Orson looked to the floating vials, and he knew then the red liquid inside them – blood. And when the vials had been released, Helmont’s grip had eased as well.
“I delayed them for you, my lord.” Sir Rowan twisted in the giant hand. He tried to turn back toward Helmont. “I delayed them. Now they are—”
“I know your motives, Rowan,” Helmont said. “Don’t take me for a fool. I know all the thoughts of your mind, all your lowest desires. Now, be silent.”
“Aneirin.” Orson took his own chance to speak. “If he can’t hurt you, take the others. Get out of here. I’m figuring out the rules, like he said. When I do, I’ll get through his fire. I’ll break the bastard’s nose for you. You have my word.” Aneirin bent down toward Melanthymos. Orson heard strong footsteps and the soft pad of bare feet, but he did not watch after them.
The dangling Sir Rowan began laughing again at the threat. Some of the standing knights joined him, but Helmont just raised his hand, fingers pointed toward Orson.
The blaster jumped from Orson’s hand. It yanked free, and Orson felt the grip on the metal track and wires up his sleeve. He caught the metal and the cords and held on, but he felt his feet slipping, felt himself dragged across the platform. This was impossible strength, inhuman, magical.
“Surprised?” The baron laughed as well. “I am too. It’s a joy to know my knowledge can break even the complexity of Ruhland’s shells. Even his metallurgy has its limits, or so we now see.”
Orson swung the sword and severed the metal and wiring. The blaster fell to the deck and spun away.
This wasn’t normal T.K. Orson’s armor was still strong and covered most of him. Orson could have asked for no better reassurance than his encounter with Parade Balloon. That telekinetic had taken no hold on the armor.
Had the blaster reached too far from his sleeve, too far from the unfathomed patterns of the armor’s construction? What else could break his protections?
Helmont had used the prisoners’ blood against them. The wooden piece had let him break Aneirin’s wand. Could another blaster or similar technology give him that same influence on Orson’s weapon?
“Finally, silence,” Helmont said. “Now, you can plainly see that you have no true understanding of my power. So fall on your sword. Remove your stolen armor and bury your stolen fire in your belly. And then I will be lenient with your crew. Or I will leave you alive to watch them die, to watch while I learn them and force them to kill themselves first.”
Orson heard the whine of the last trailer in motion. With any luck all prisoners were aboard, his crew was aboard the Aesir, the floppies were secure. Orson stood alone against Helmont and his knights.
Orson pressed his fingers to his visor, opened his comm. “Jaleel, fly now! Go now. Get out of here!”
The Aesir revved awake, but it didn’t fly. The tri-cannon spit light and death at Helmont and the knights. Their laughter stopped.

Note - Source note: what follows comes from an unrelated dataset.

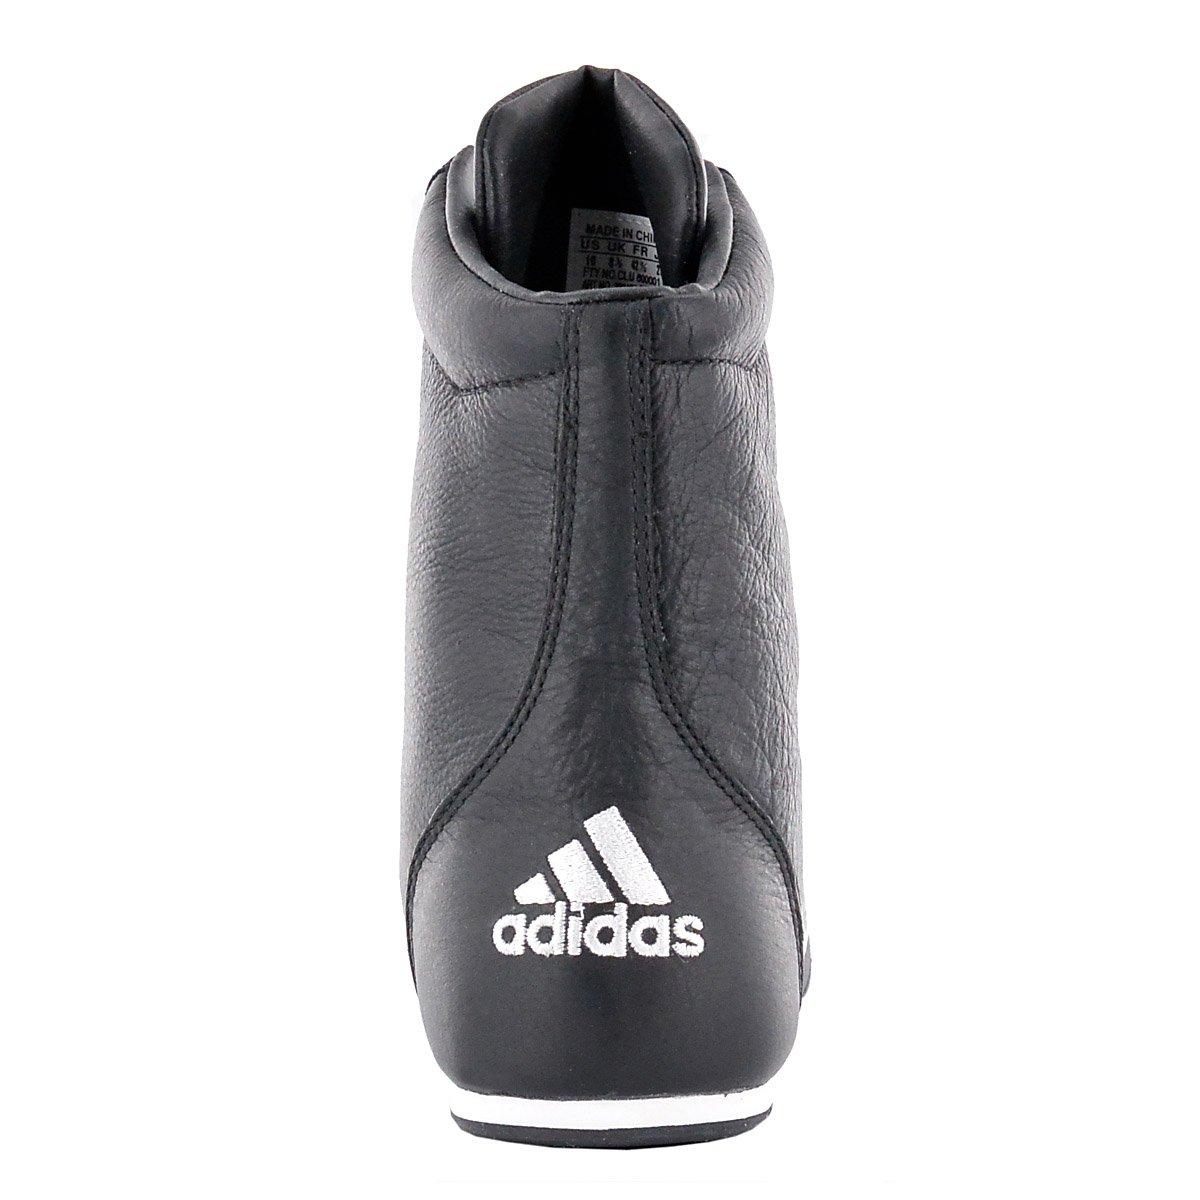 Adidas Prajna High 382158 Unisex Sneaker Schuhe Leder rsdtCBhQxo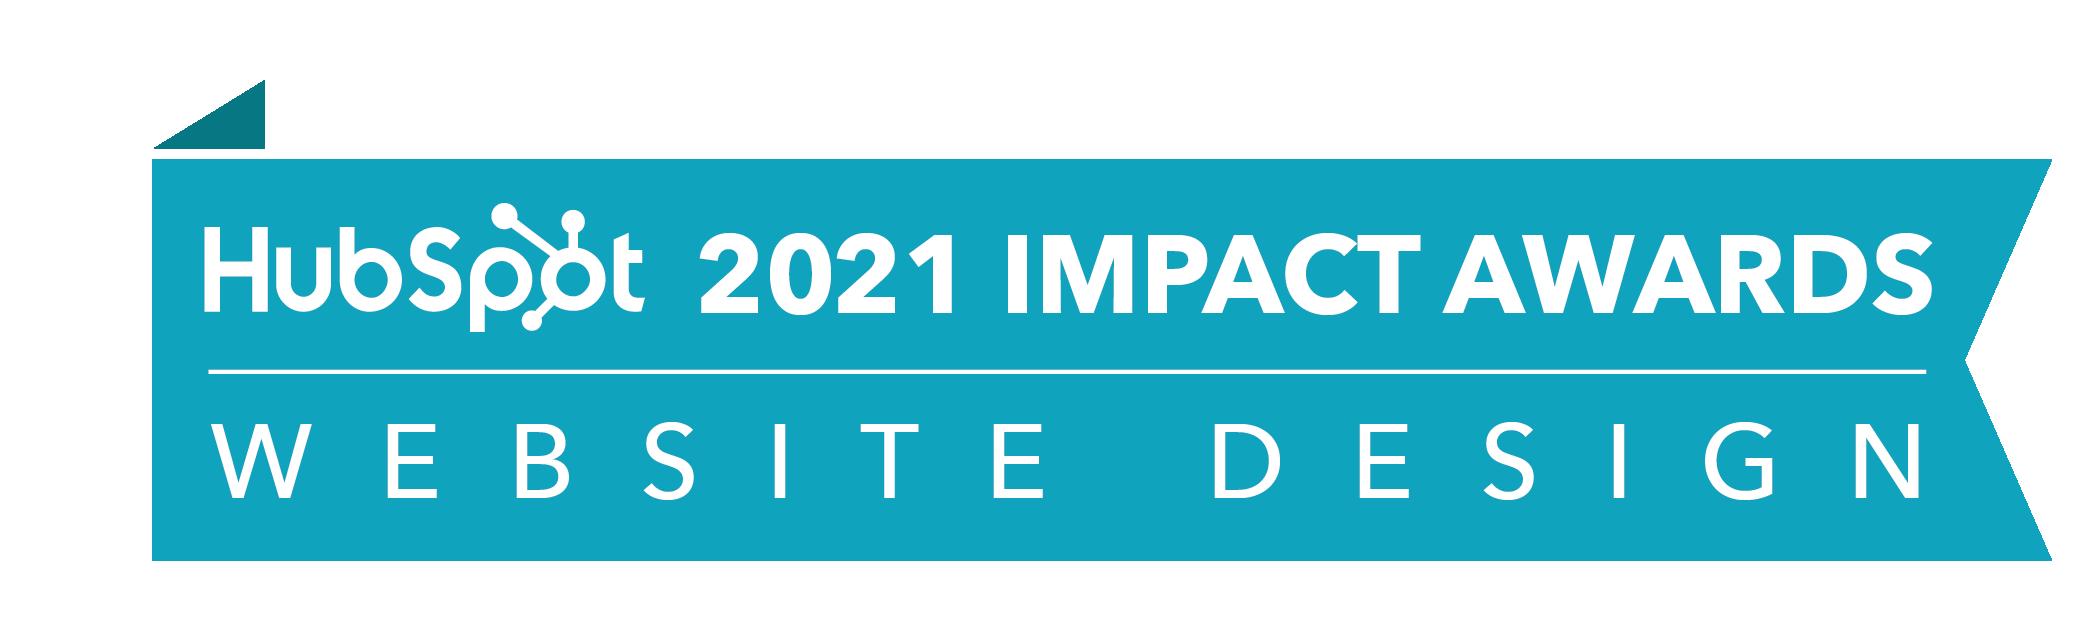 HubSpot_ImpactAwards_2021_WebsiteDesign2-1

The air between was suddenly filled with shining shapes. The Aesir’s energy blasts sizzled to nothing amid the metal. Glittering shards swirled around the knights. The Shaper with the scaled gauntlets held his arms toward the swarm.
Helmont raised no fire defense toward the Aesir. The baron secured his blood vials, donned his helmet, and he raised his sword. He flew at Orson. It was not a jump. There was no force from his legs. It was Shaping, more real sorcery.
The baron was still in flight when he raised his sword in a high thrust. Orson raised his own blade up to parry.
The two swords of fire met. Even under the afternoon sun, everything was bathed in the colors of the clashing blades.